UNITED STATES DISTRICT COURT NORTHERN DISTRICT OF OHIO EASTERN DIVISION
TREMAIN HOGAN, ) CASE NO. 1:23-CV-02279 ) Plaintiff, ) JUDGE CHARLES E. FLEMING ) vs. ) MAGISTRATE JUDGE DARRELL A. ) CLAY WARDEN MICHAEL SWARTZ, ) ) OPINION AND ORDER ADOPTING Defendant. ) MAGISTRATE JUDGE’S REPORT ) AND RECOMMENDATION
On November 27, 2023, Plaintiff Tremain Hogan (“Plaintiff”) filed a Petition for Writ of Habeas Corpus (“Petition”), pursuant to 28 U.S.C. § 2254 (ECF No. 1). On August 28, 2024, Magistrate Judge Darrell A. Clay submitted a Report and Recommendation (‘R&R”), recommending that the Court dismiss Plaintiff’s Petition. (ECF No. 20). Petitioner timely filed his objections to the R&R on September 13, 2024. (ECF No. 21). Upon consideration of Petitioner’s objections, the Court ADOPTS the R&R in its entirety. The petition is hereby DENIED AS MOOT and DISMISSED. I. FACTUAL BACKGROUND On August 28, 2024, Magistrate Judge Clay issued the R&R recommending that this Court deny the petition as moot and decline to issue a certificate of appealability. (ECF No. 20, PageID 674).
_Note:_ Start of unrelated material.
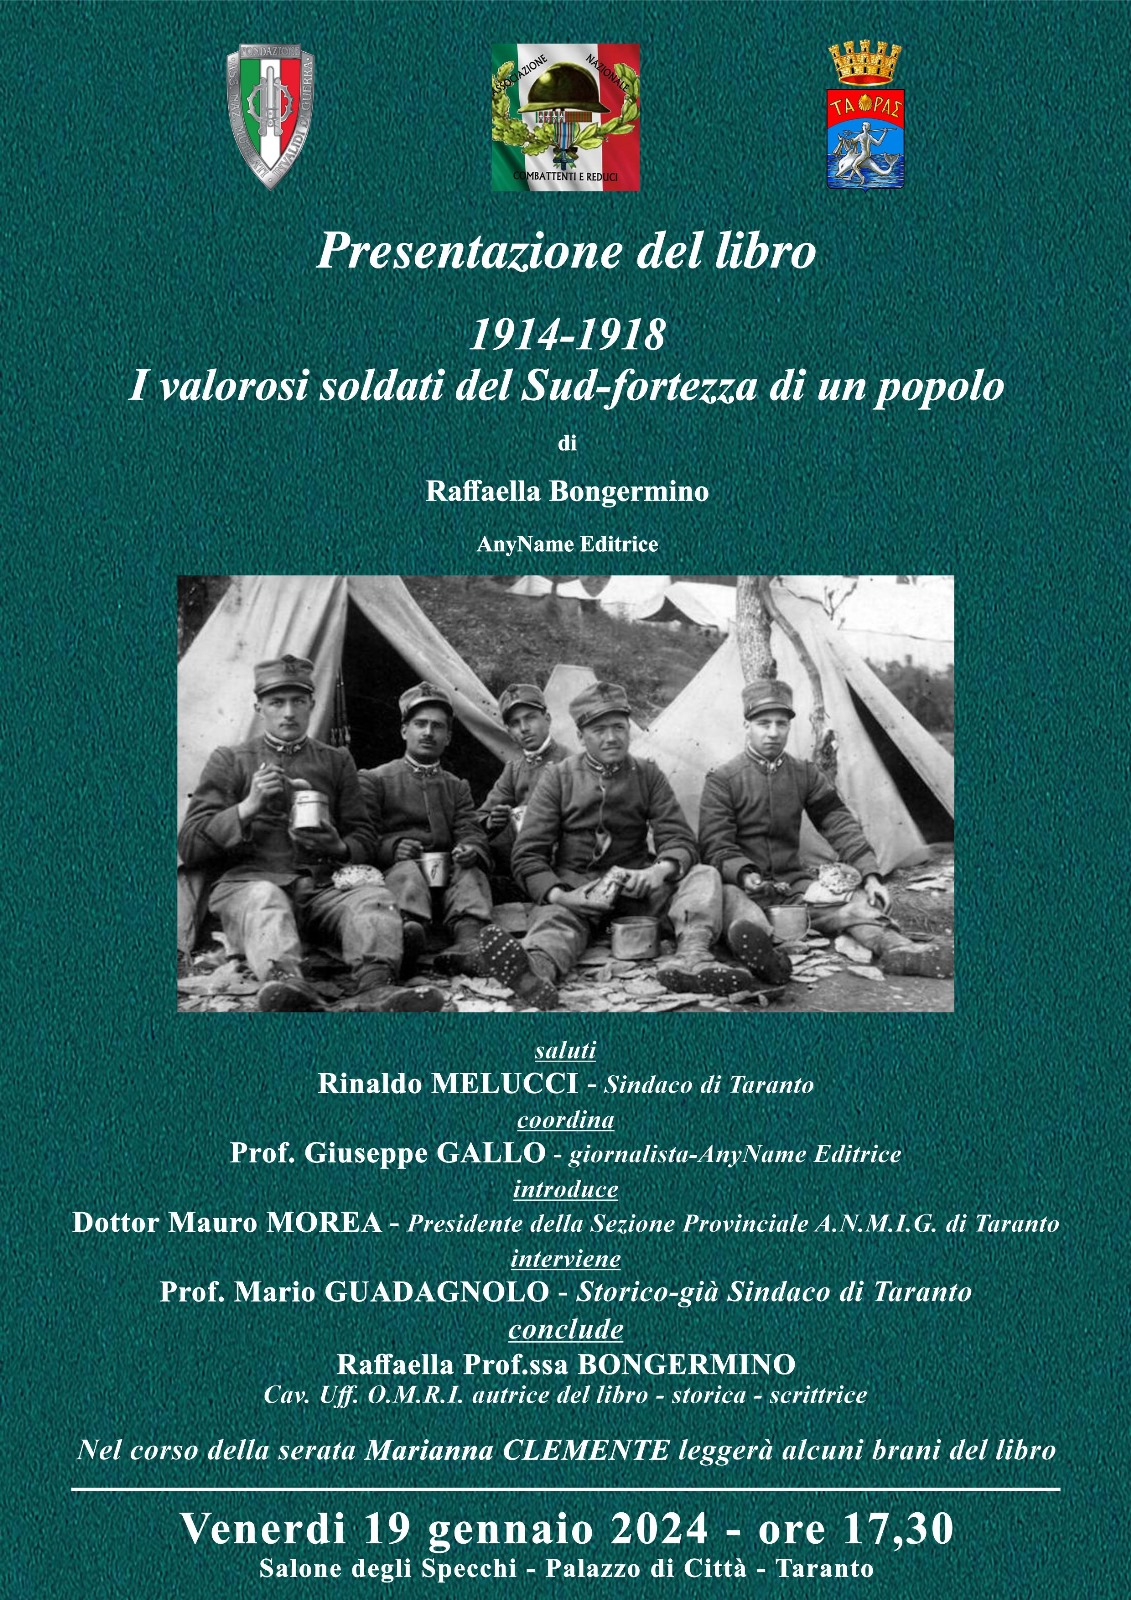 Presentazione del libro della professoressa Raffaella Bongermino “I valorosi soldati del Sud-fortezza di un popolo” a Taranto
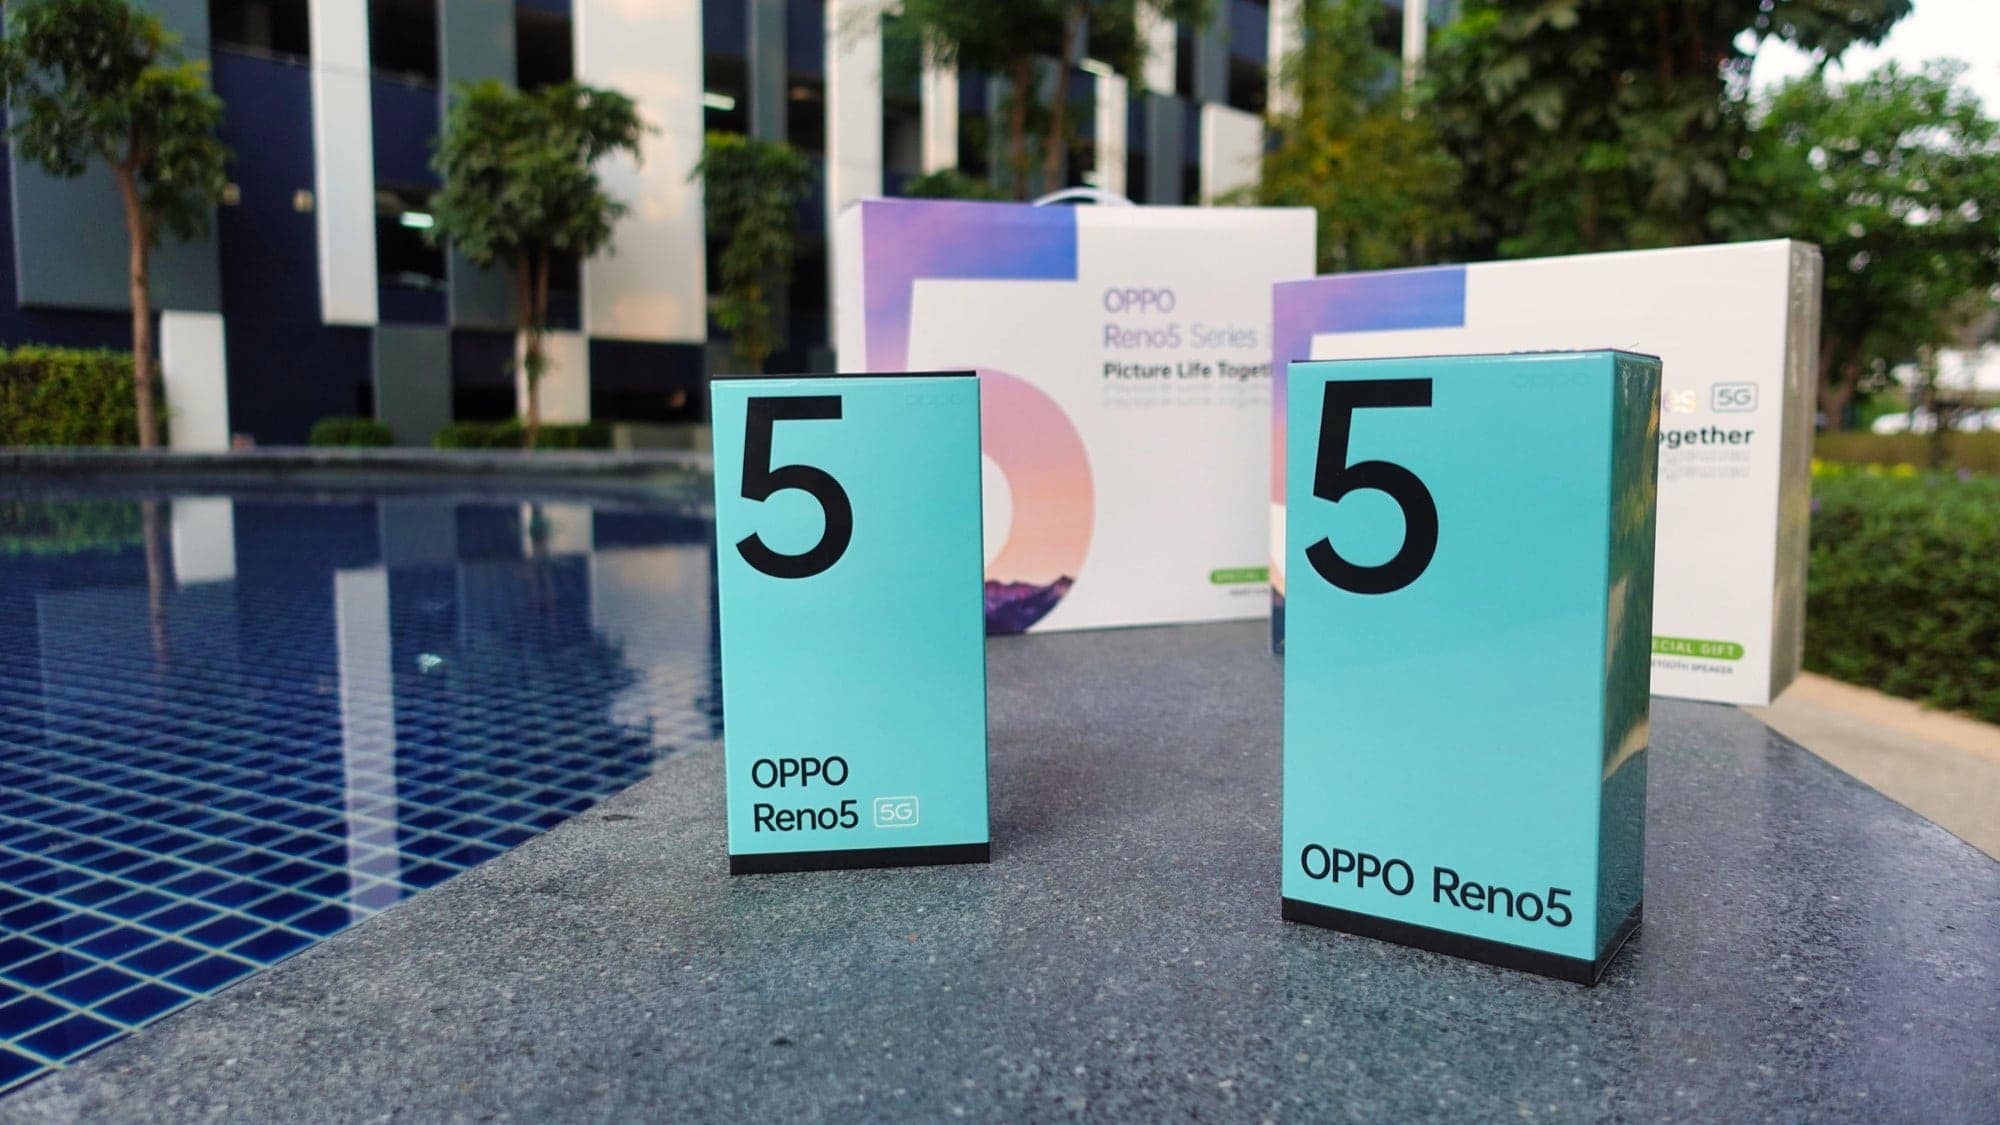 รีวิว OPPO Reno5 Series 5G สมาร์ทโฟนเพื่อการถ่ายวิดีโอ Portrait กับดีไซน์ใหม่นำเทรนด์ 7

The Court ADOPTS Magistrate Judge Clay’s findings of fact under the section titled “BACKGROUND.” (Id. at PageID #667–69). On September 13, 2024, Petitioner objected to the R&R. (ECF No. 21). Petitioner claims that his petition is not moot because he meets the “in custody” requirement of 28 U.S.C. 2254(a). (Id. at PageID 678–81). He also claims that the constitutional violations enumerated in his petition are capable of repetition yet evade review and are thus excepted from the mootness doctrine. (Id. at PageID #675). II. LEGAL STANDARD A. Review of the R&R Fed. R. Civ. P. 72(b)(2) provides that the parties may object to an R&R within fourteen (14) days after service. Under the Federal Magistrates Act, a district court must conduct a de novo review of those portions of the R&R to which the parties have objected. 28 U.S.C. § 636(b)(1)(C);
Fed. R. Civ. P. 72(b)(3). Absent objection, a district court may adopt an R&R without further review. See Peretz v. US, 501 U.S. 923, 939 (1991); Thomas v. Arn, 474 U.S. 140, 141-42, 49-50 (1985). While Petitioner asserts objections to the R&R’s mootness determination, its conclusion that the conduct at issue is not capable of repetition yet evades review, and its recommendation not to issue a certificate of appealability, Petitioner’s arguments all center on the mootness issue. The Court therefore reviews de novo Petitioner’s claims that his petition is not moot. B. Jurisdiction Title 28 U.S.C. § 2254(a) authorizes district courts to consider an application for a writ of habeas corpus “on behalf of a person in custody pursuant to the judgment of a State court.” 28
U.S.C. § 2254(a). A state prisoner may file a § 2254 petition in the “district court for the district wherein such person is in custody or in the district court for the district within which the State court was held which convicted and sentenced him.” 28 U.S.C. § 2241(d). Petitioner was in custody at Toledo Correctional Institution when he filed his petition. (ECF No. 1, PageID #1). Accordingly, this Court has jurisdiction over Petitioner’s § 2254 petition. C. Mootness Article III limits the jurisdiction of federal courts to ongoing “cases” and “controversies.” Chafin v. Chafin, 568 U.S. 165, 171 (2013). To invoke that jurisdiction, “a litigant must have suffered, or be threatened with, an actual injury traceable to the defendant and likely to be redressed by a favorable judicial decision”—or more simply put, standing. Lewis v. Cont’l Bank Corp., 494 U.S. 472, 477 (1990). But the injury attributed to the opposing party and the court’s ability to redress it must persist throughout the life of the case. Id. at 477–78 (citing Deakins v. Monaghan, 484 U.S. 193, 199 (1988)). When the controversy dies—for example, the complainant’s injury is redressed in some other way or the court loses the ability to redress it due to some intervening
act—the case becomes moot and the federal court loses jurisdiction to hear it, thus requiring dismissal for mootness. Demis v. Sniezek, 558 F.3d 508, 512 (6th Cir. 2009) (explaining that a case becomes moot when the issues presented are no longer live or the parties lack a cognizable interest in the outcome). Establishing mootness requires satisfaction of a heavy burden. “[A] case becomes moot only when subsequent events make it absolutely clear that the allegedly wrongful behavior cannot reasonably be expected to recur and ‘interim relief or events have completely and irrevocably eradicated the effects of the alleged violation.’” City of Parma v. Cingular Wireless, LLC, 200 F. App’x 423, 429 (6th Cir. 2006) (quoting Cnty. of Los Angeles v. Davis, 440 U.S. 625, 631 (1979)).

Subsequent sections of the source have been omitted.